*Task directions:*
Leave out the pictures and copy each record below exactly.

--- Data to process Enclosed Below ---

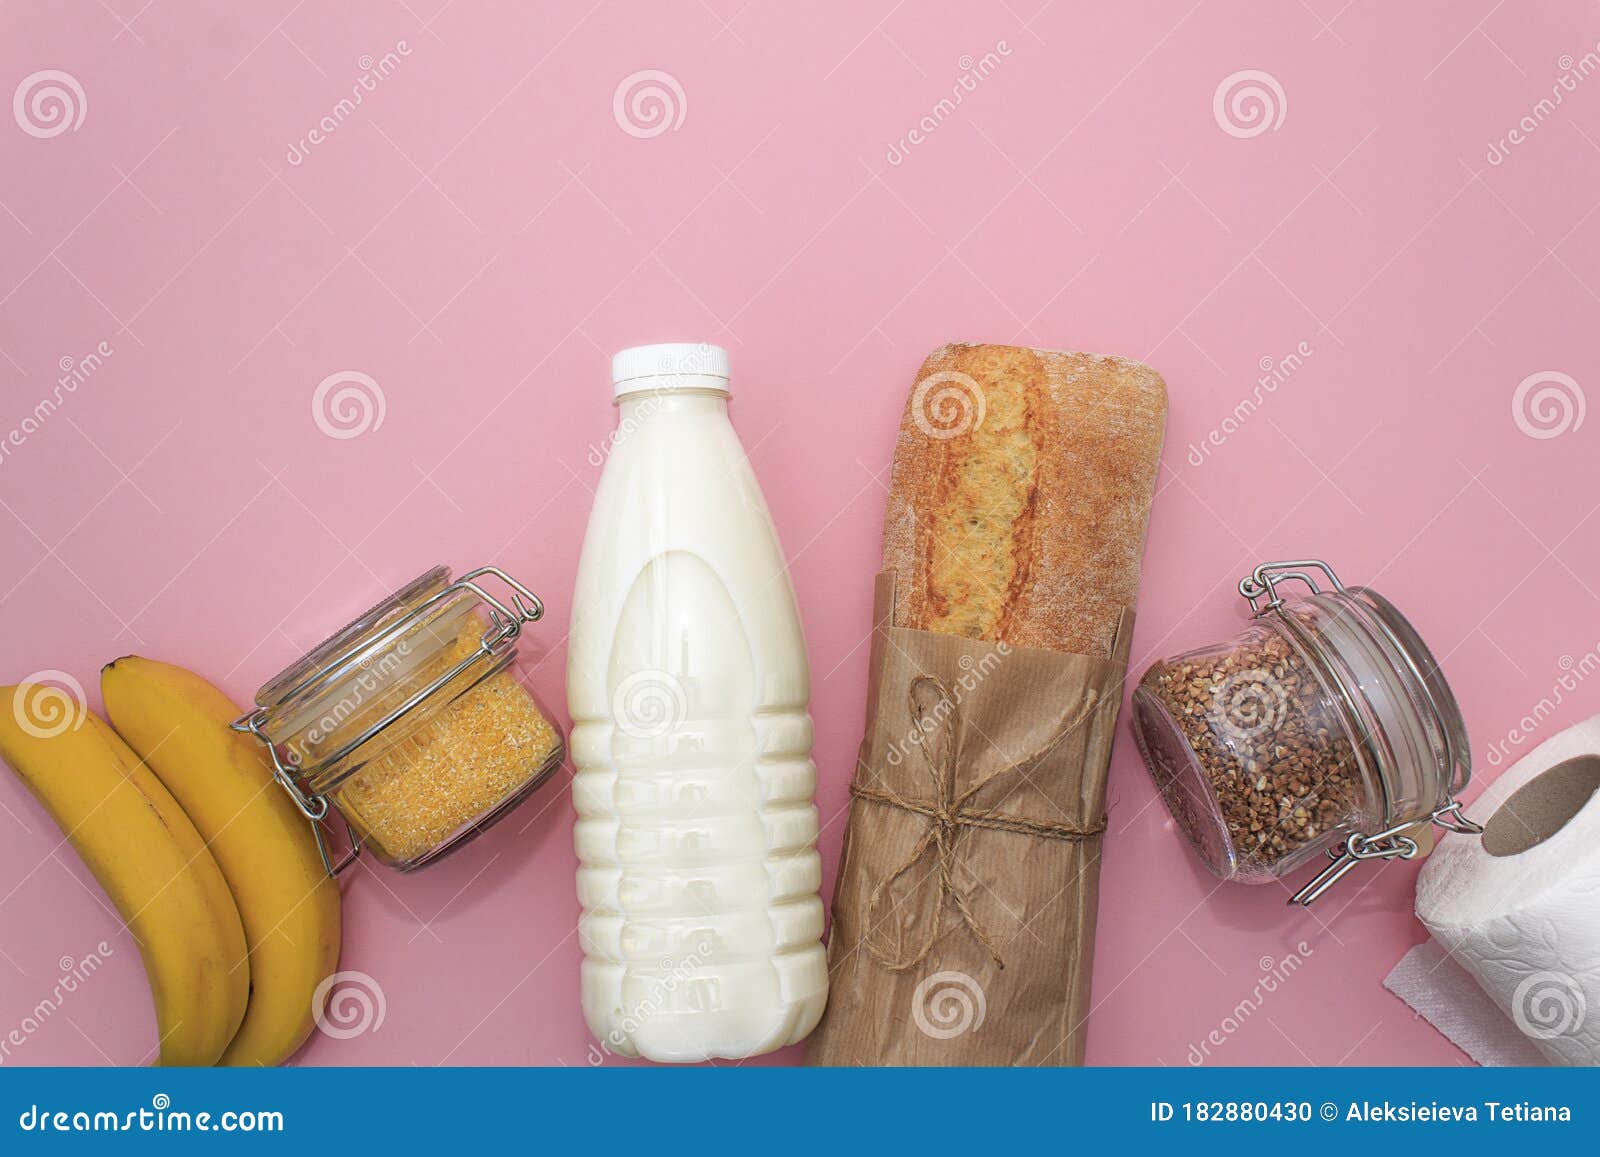 corn, buckwheat, bananas, milk, bread in white bag on blue background
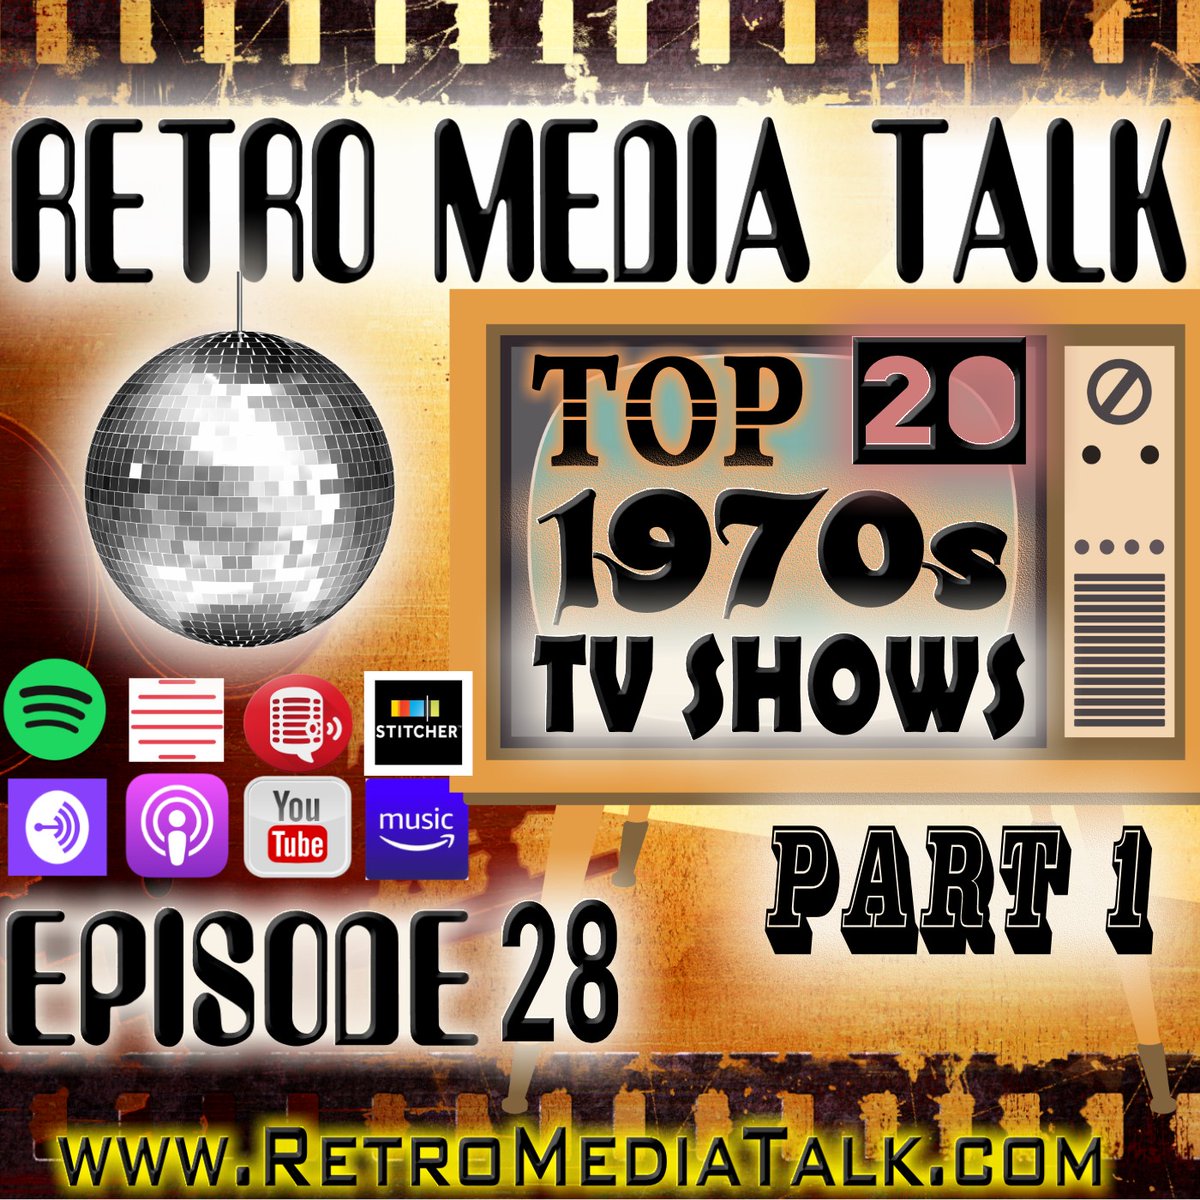 RETRO MEDIA TALK PODCAST: TOP 20 1970s TV SHOWS Part 1 - Episode 28 retromediatalk.com/2023/02/top-20…
📺 
#podcast #podcasts #70s #70stvshows #retromedia #retrotv #retro #PodcastAndChill #tvshows #tvshow
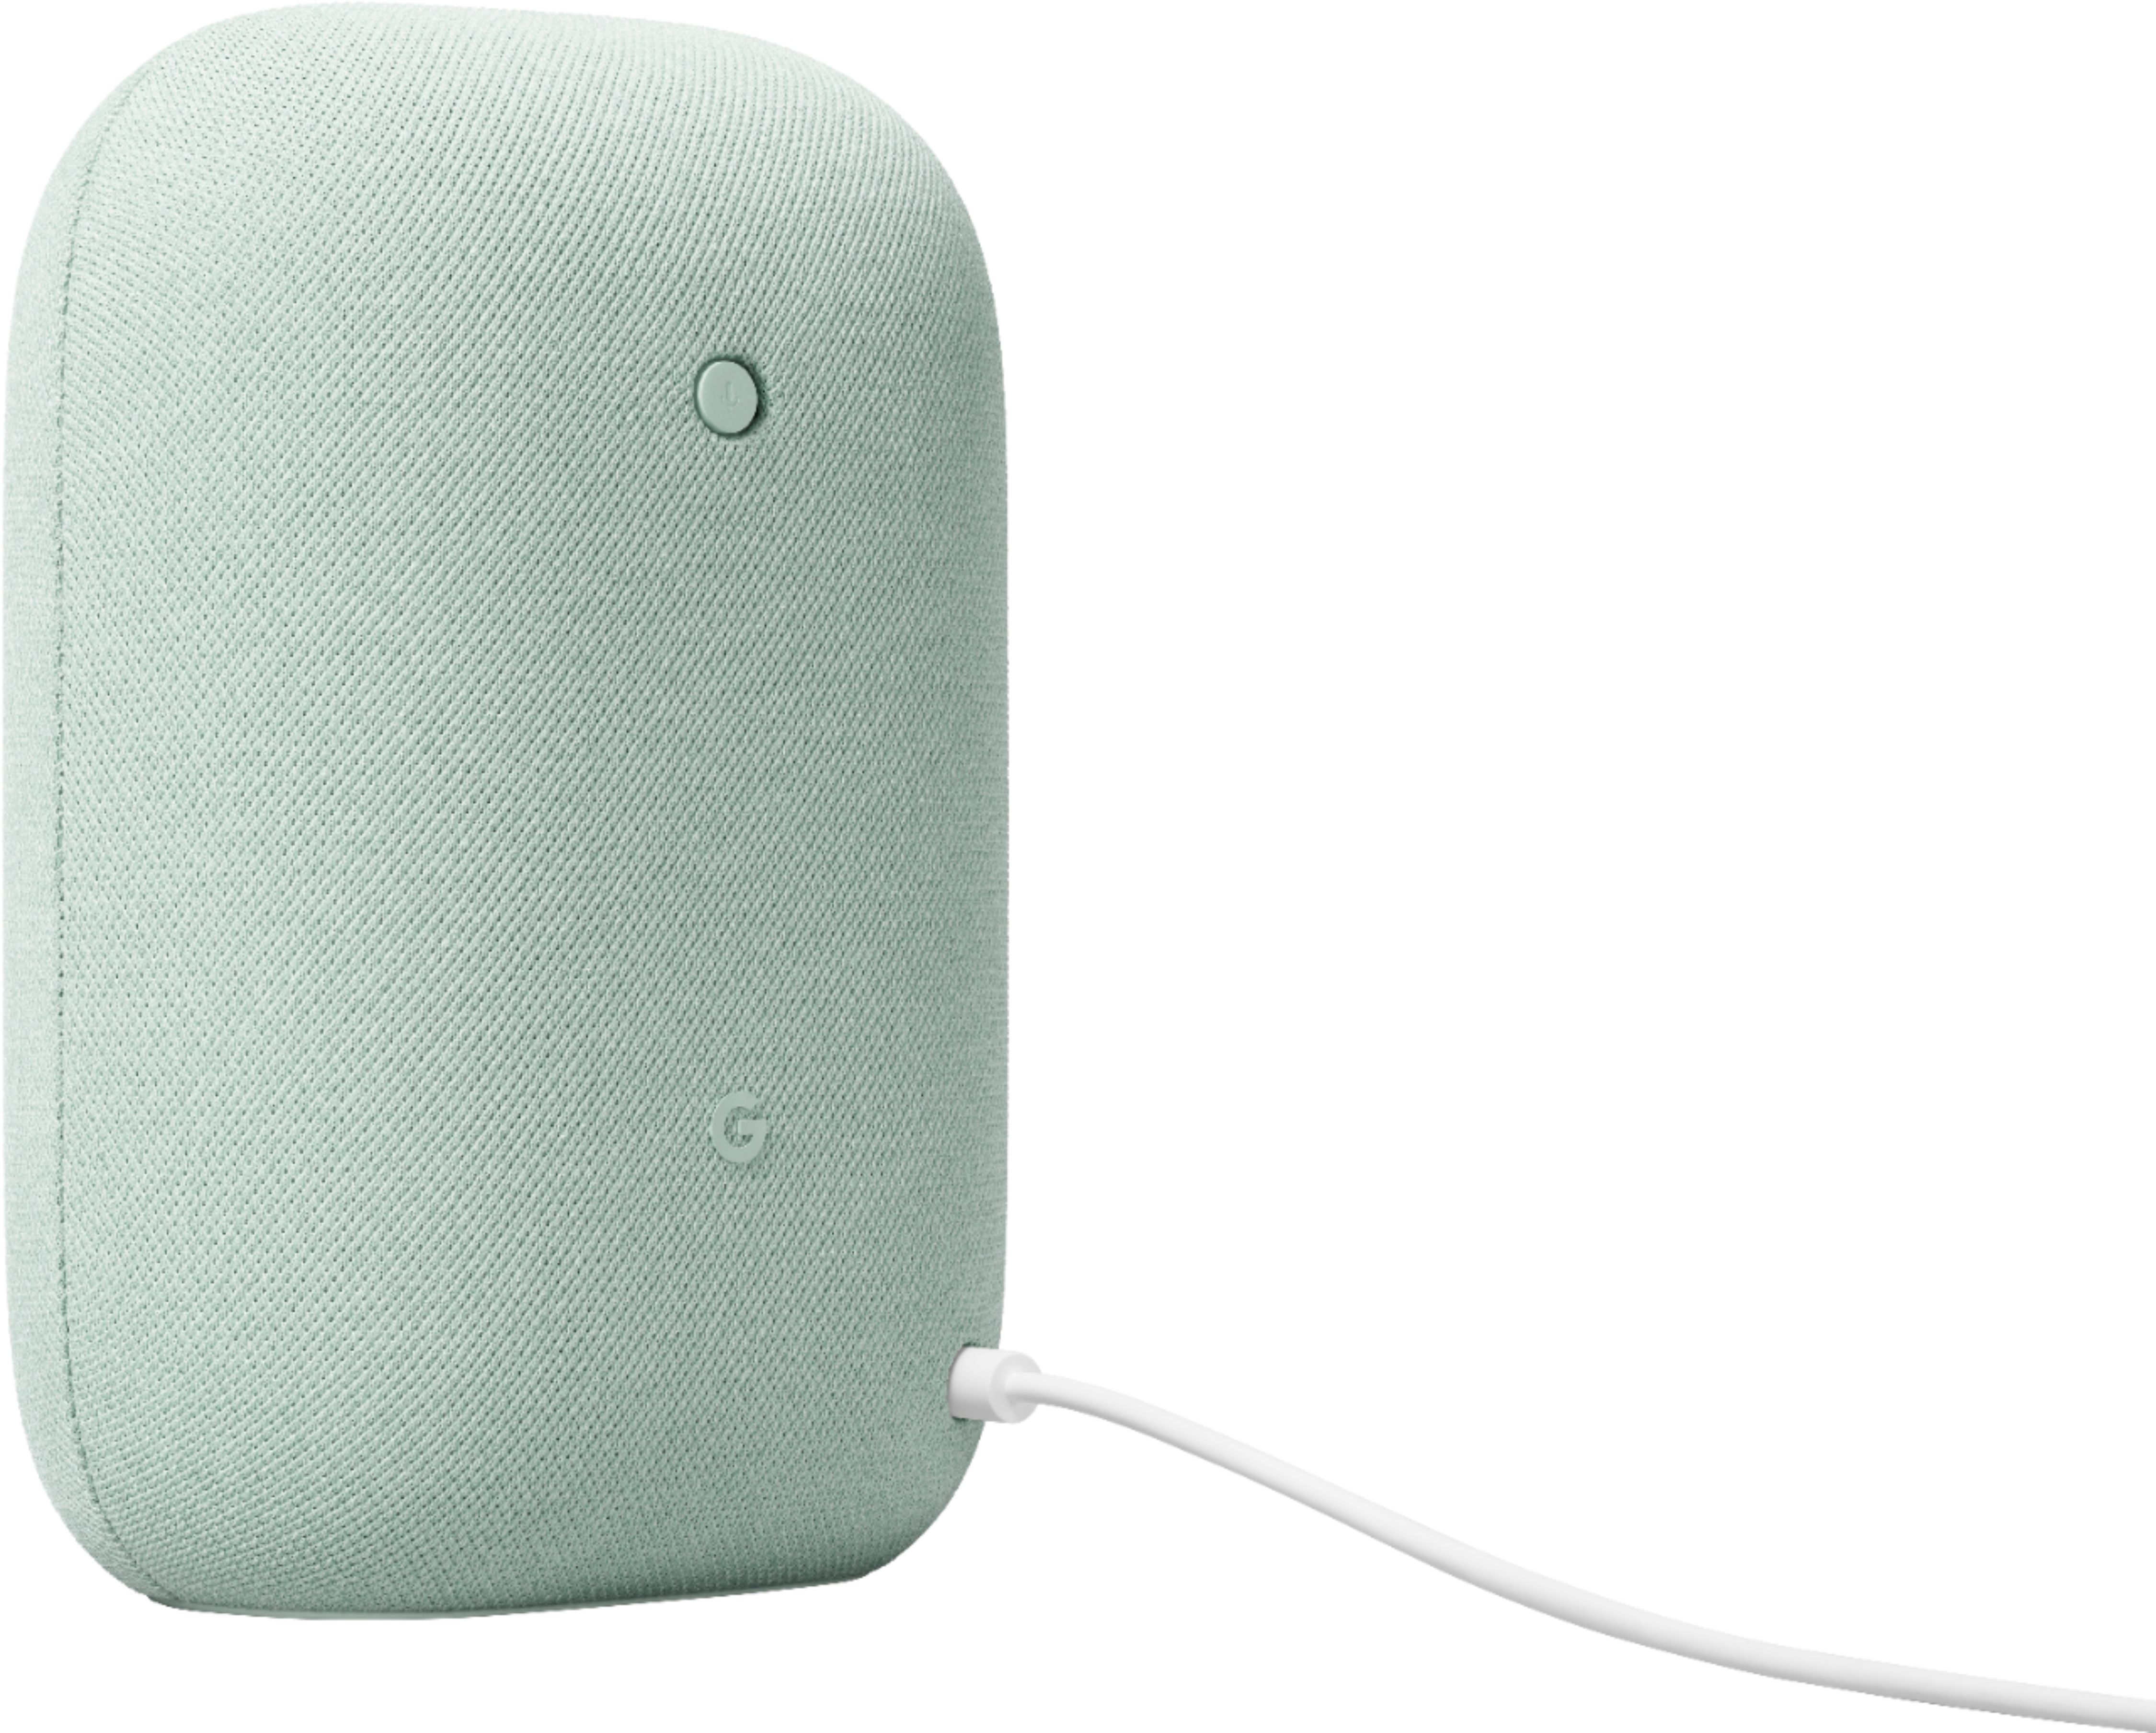 Google's Nest Mini smart speaker is now available for less than £20

--- End of Enclosed Data to process ---

*Result for this task:*
 corn, buckwheat, bananas, milk, bread in white bag on blue background
 RETRO MEDIA TALK PODCAST: TOP 20 1970s TV SHOWS Part 1 - Episode 28 retromediatalk.com/2023/02/top-20…
📺 
#podcast #podcasts #70s #70stvshows #retromedia #retrotv #retro #PodcastAndChill #tvshows #tvshow
 Google's Nest Mini smart speaker is now available for less than £20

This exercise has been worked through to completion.